Quand Modi a annoncé que le BJP aura 370 sièges, un signal qui renvoie à l’article 370 de la Constitution sur le statut du Cachemire, qui était une des grandes actions de Modi réélu en 2019 de supprimer les dernières marges d’autonomie du Cachemire, soit plus qu’en 2019 et en 2014. On entend même dire 400 sièges pour le BJP, alors que ce serait plutôt 400 sièges pour l’alliance autour du BJP. Même s’ils obtiennent 300 sièges, ils auront toujours la majorité.

De nombreux analystes observent un resserrement démocratique et un glissement autocratique sous le règne de Narendra Modi. Quel sera le visage de l’Inde dans les prochaines années ?

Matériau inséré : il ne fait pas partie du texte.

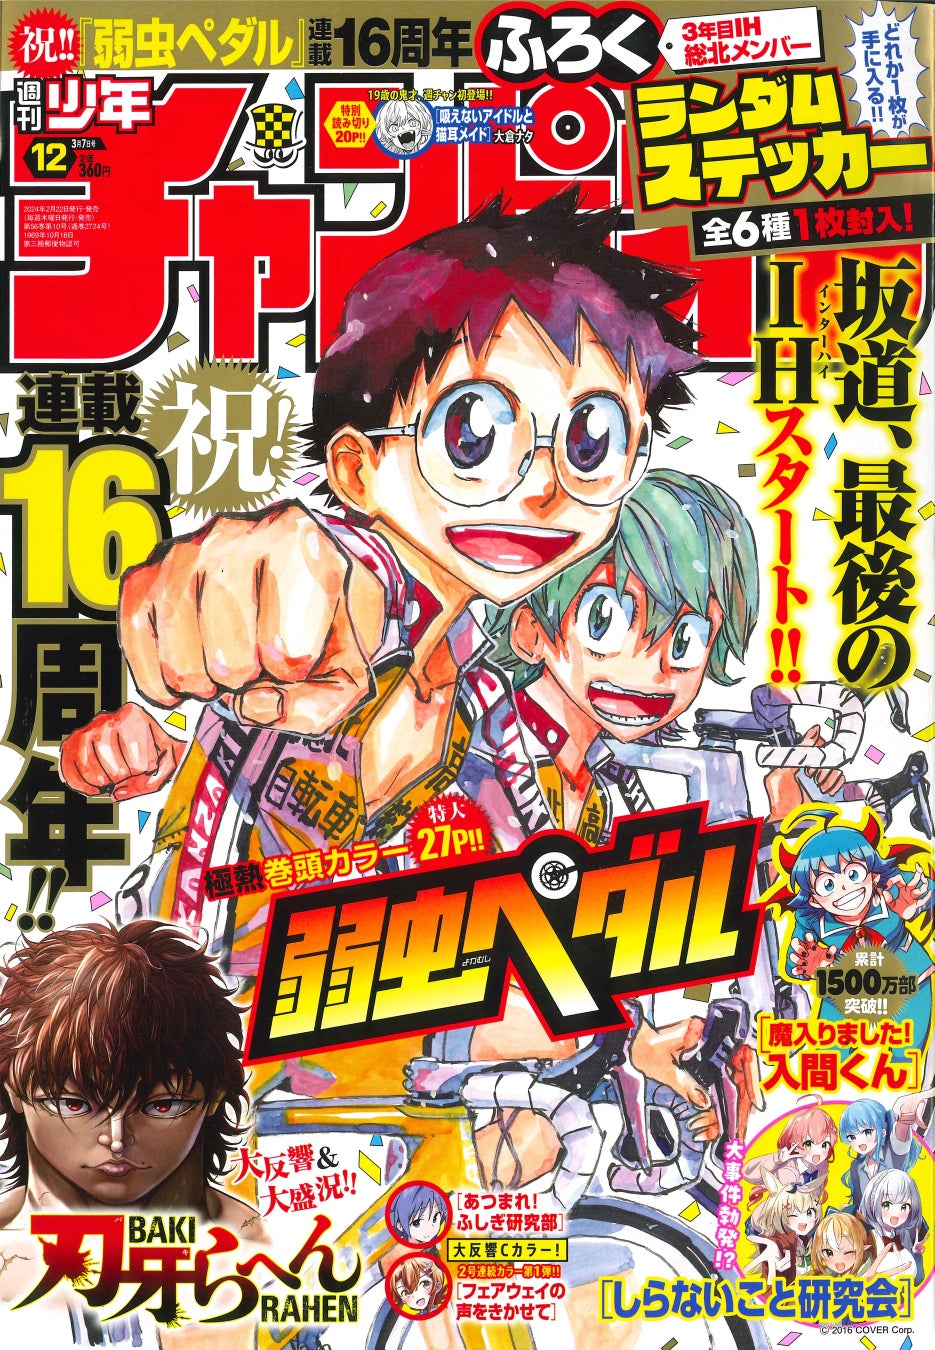 2月22日(木)発売の週刊少年チャンピオン12号は連載16周年を迎え

Shashi Tharoor qui est à la fois un intellectuel, un leader congressiste et un ancien haut fonctionnaire de l’ONU soulignait dans un article publié récemment dans le quotidien The Hindu, que cette élection était en réalité un scrutin décisif non seulement sur l’avenir de l’Inde, mais sur ce que serait l’Inde, en termes de démocratie, d’autoritarisme et de nature du régime. C’est finalement ce qui se joue.

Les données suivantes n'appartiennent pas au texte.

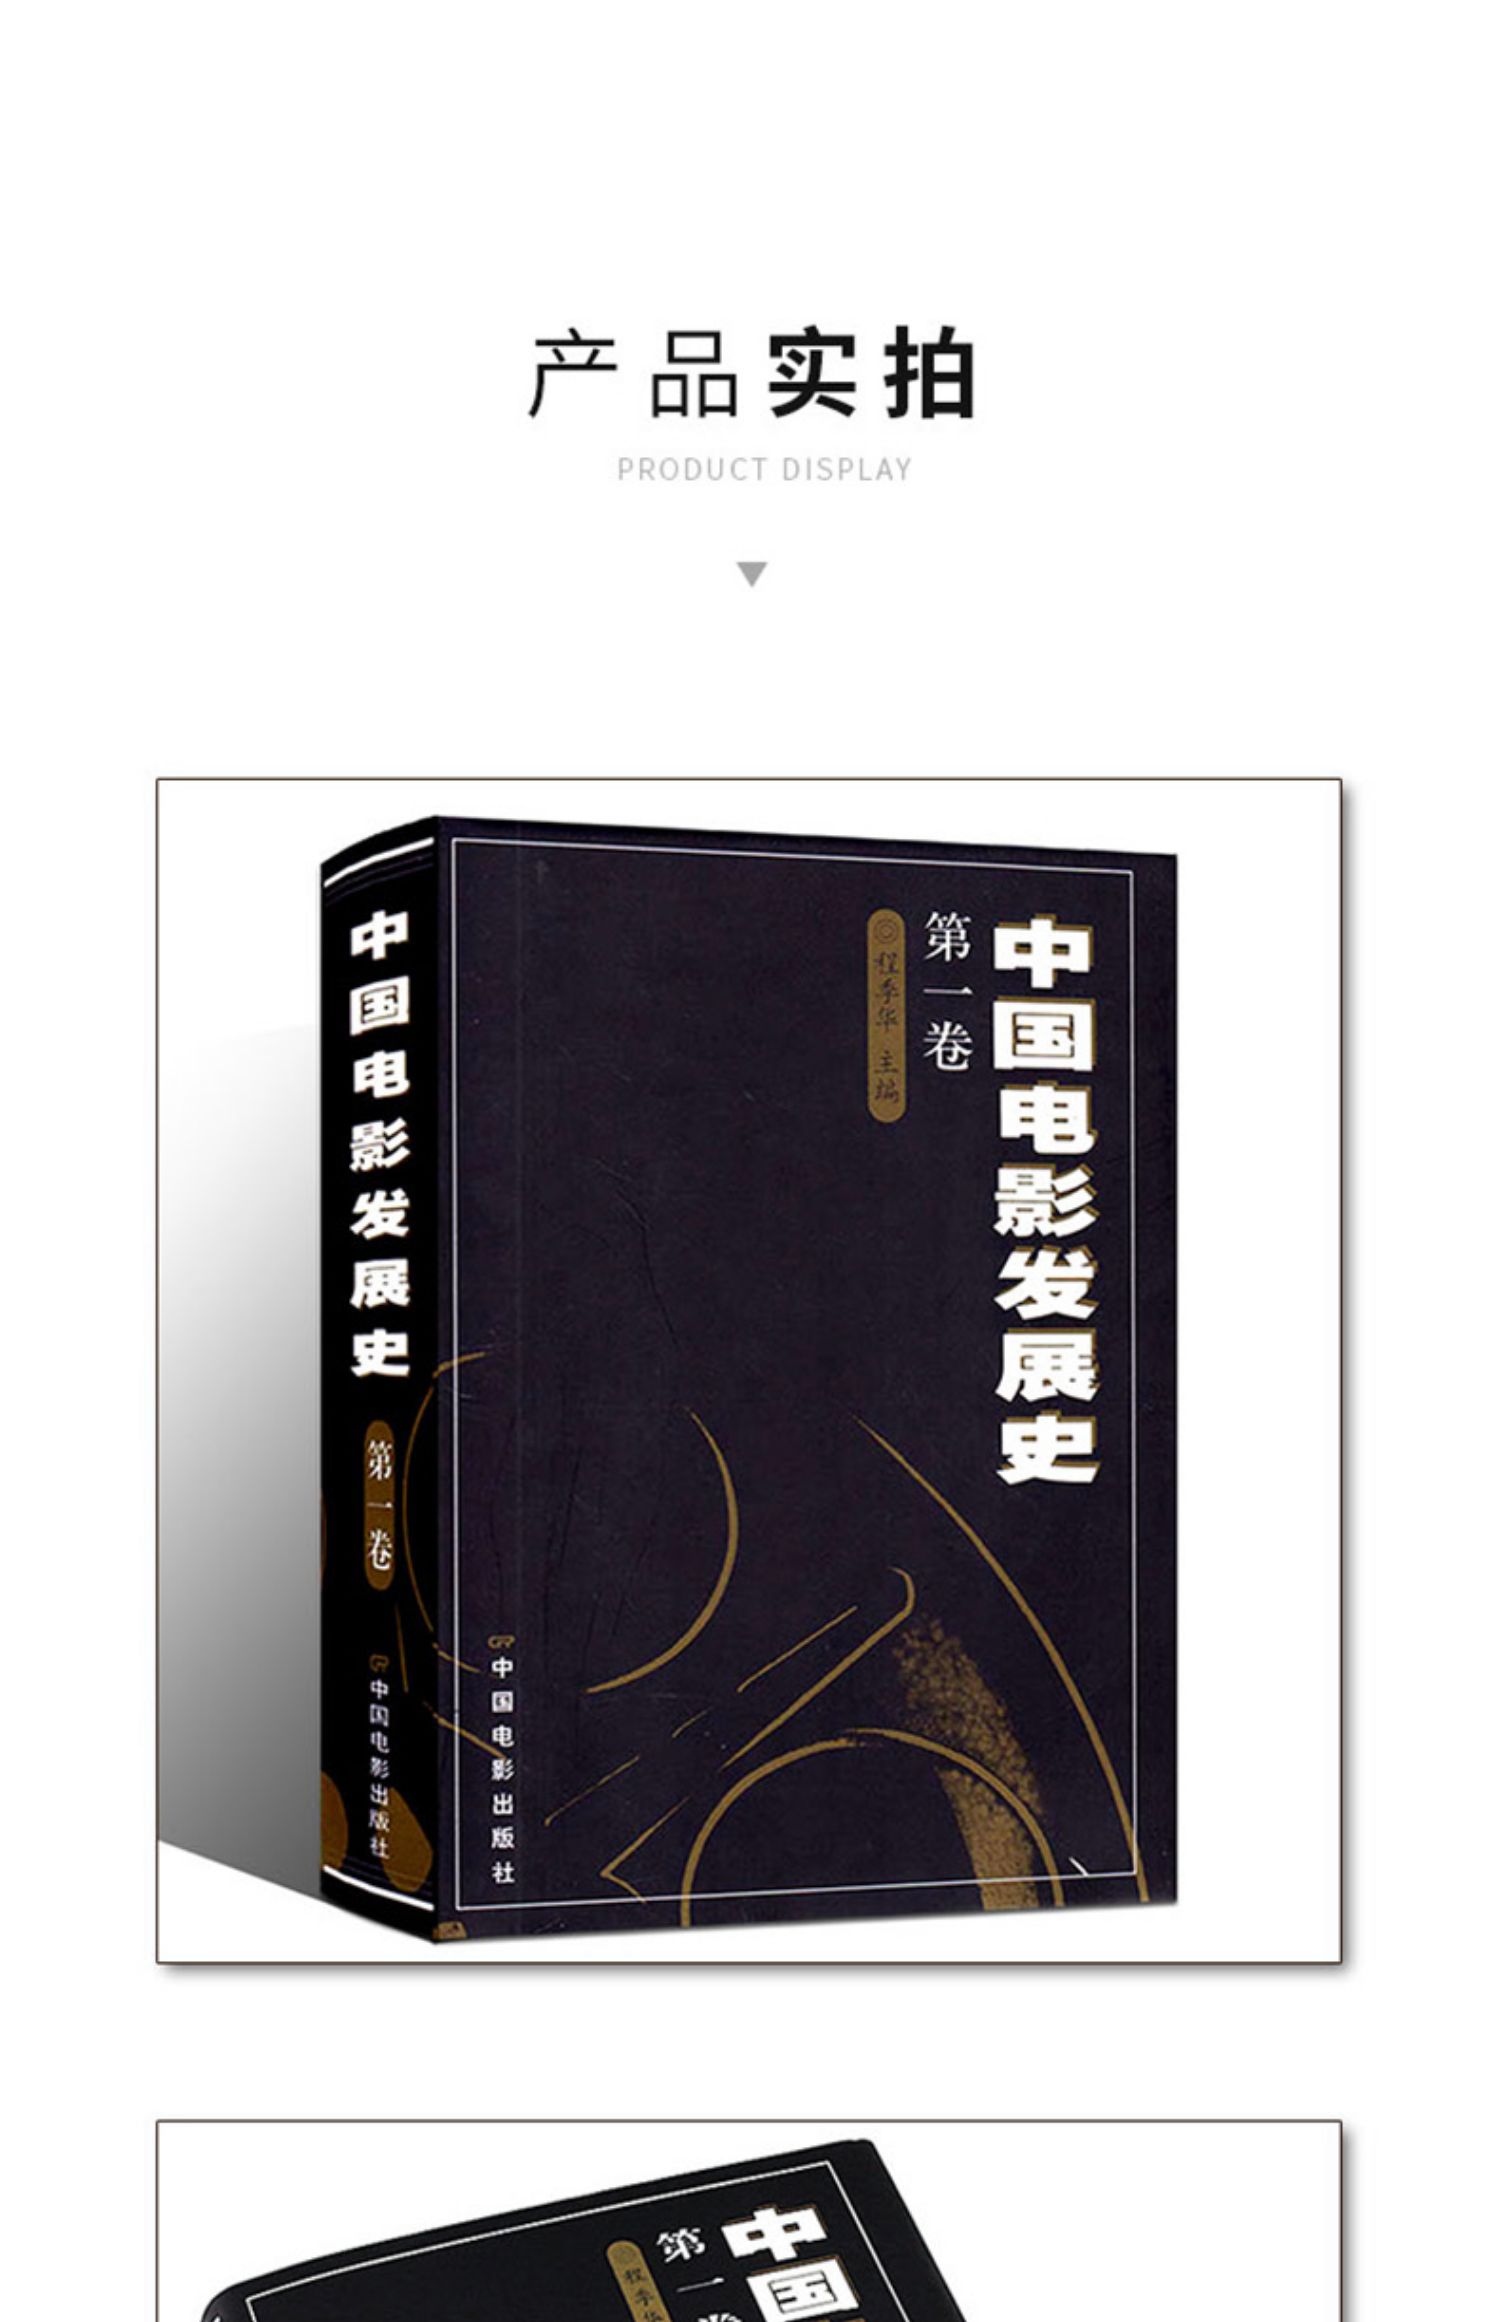 中国电影发展史第一卷9787106012243程季华主编中国电影书籍书城书店

Lors du premier mandat de Modi (2014-2019), on a vu le BJP dominer, mais au sein d’une coalition. Narendra Modi a attendu d’avoir la majorité absolue en 2019 pour lancer de grandes réformes inscrites à son agenda depuis très longtemps. Et donc, s’il était réélu une troisième fois, il y aurait des réformes, entre autres, des circonscriptions électorales qui permettraient, en les ajustant sur l’évolution de la population, de favoriser le Nord de l’Inde qui a gardé des taux de croissance démographique plus fort que le Sud. Or, le Nord vote beaucoup plus pro-Modi que le Sud, où l’opposition est en place. Il y a donc effectivement de grands enjeux dans cette élection de 2024.